Holiday shopping season is upon us and it’s time for a blog post on E-commerce search and recommendation using Vespa.ai. Vespa.ai is used as the search and recommendation backend at multiple Yahoo e-commerce sites in Asia, like tw.buy.yahoo.com.
This blog post discusses some of the challenges in e-commerce search and recommendation, and shows how they can be solved using the features of Vespa.ai.
Photo by Jonas Leupe on Unsplash
Text matching and ranking in e-commerce search
E-commerce search have text ranking requirements where traditional text ranking features like BM25 or TF-IDF might produce poor results. For an introduction to some of the issues with TF-IDF/BM25 see the influence of TF-IDF algorithms in e-commerce search. One example from the blog post is a search for ipad 2 which with traditional TF-IDF ranking will rank ‘black mini ipad cover, compatible with ipad 2’ higher than ‘Ipad 2’ as the former product description has several occurrences of the query terms Ipad and 2.
Vespa allows developers and relevancy engineers to fine tune the text ranking features to meet the domain specific ranking challenges. For example developers can control if multiple occurrences of a query term in the matched text should impact the relevance score. See text ranking occurrence tables and Vespa text ranking types for in-depth details. Also the Vespa text ranking features takes text proximity into account in the relevancy calculation, i.e how close the query terms appear in the matched text. BM25/TF-IDF on the other hand does not take query term proximity into account at all. Vespa also implements BM25 but it’s up to the relevancy engineer to chose which of the rich set of built-in text ranking features in Vespa that is used.
Vespa uses OpenNLP for linguistic processing like tokenization and stemming with support for multiple languages (as supported by OpenNLP).
Custom ranking business logic in e-commerce search
Your manager might tell you that these items of the product catalog should be prominent in the search results.

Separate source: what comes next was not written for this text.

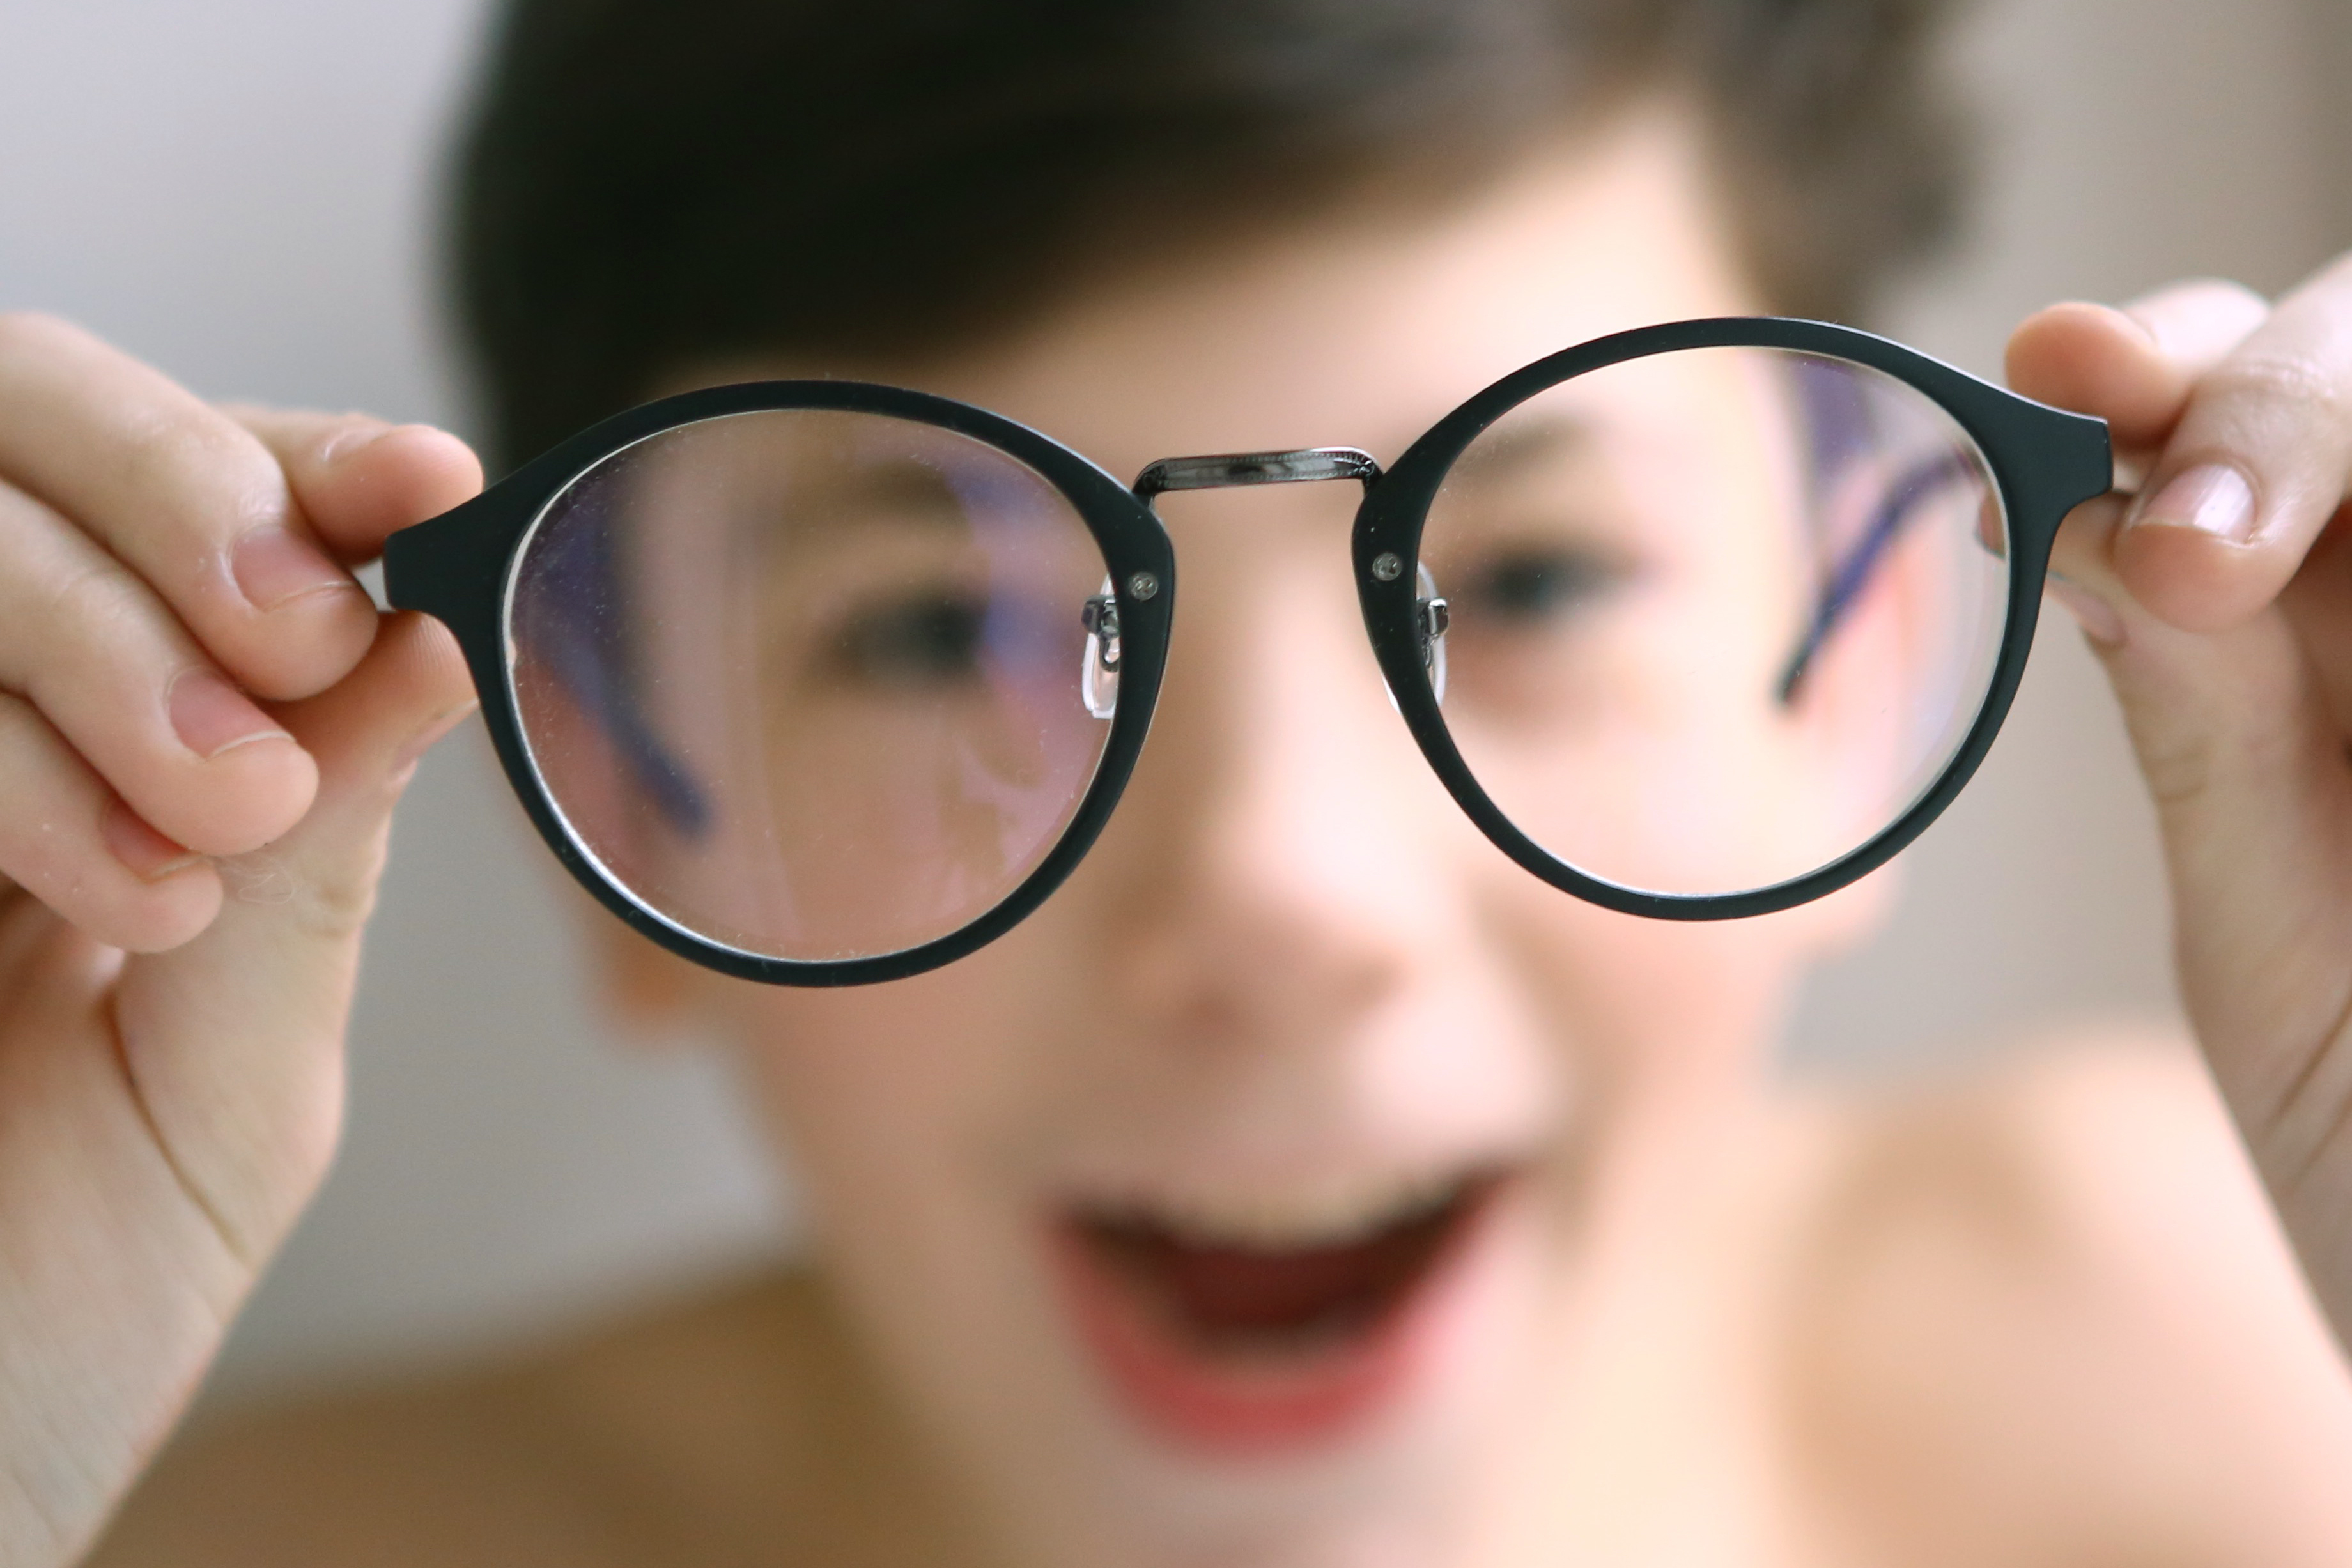 boy-peering-through-glasses

How to tackle this with your existing search solution? Maybe by adding some synthetic query terms to the original user query, maybe by using separate indexes with federated search or even with a key value store which rarely is in synch with the product catalog search index?
With Vespa it’s easy to promote content as Vespa’s ranking framework is just math and allows the developer to formulate the relevancy scoring function explicitly without having to rewrite the query formulation. Vespa controls ranking through ranking expressions configured in rank profiles which enables full control through the expressive Vespa ranking expression language. The rank profile to use is chosen at query time so developers can design multiple ranking profiles to rank documents differently based on query intent classification. See later section on query classification for more details how query classification can be done with Vespa.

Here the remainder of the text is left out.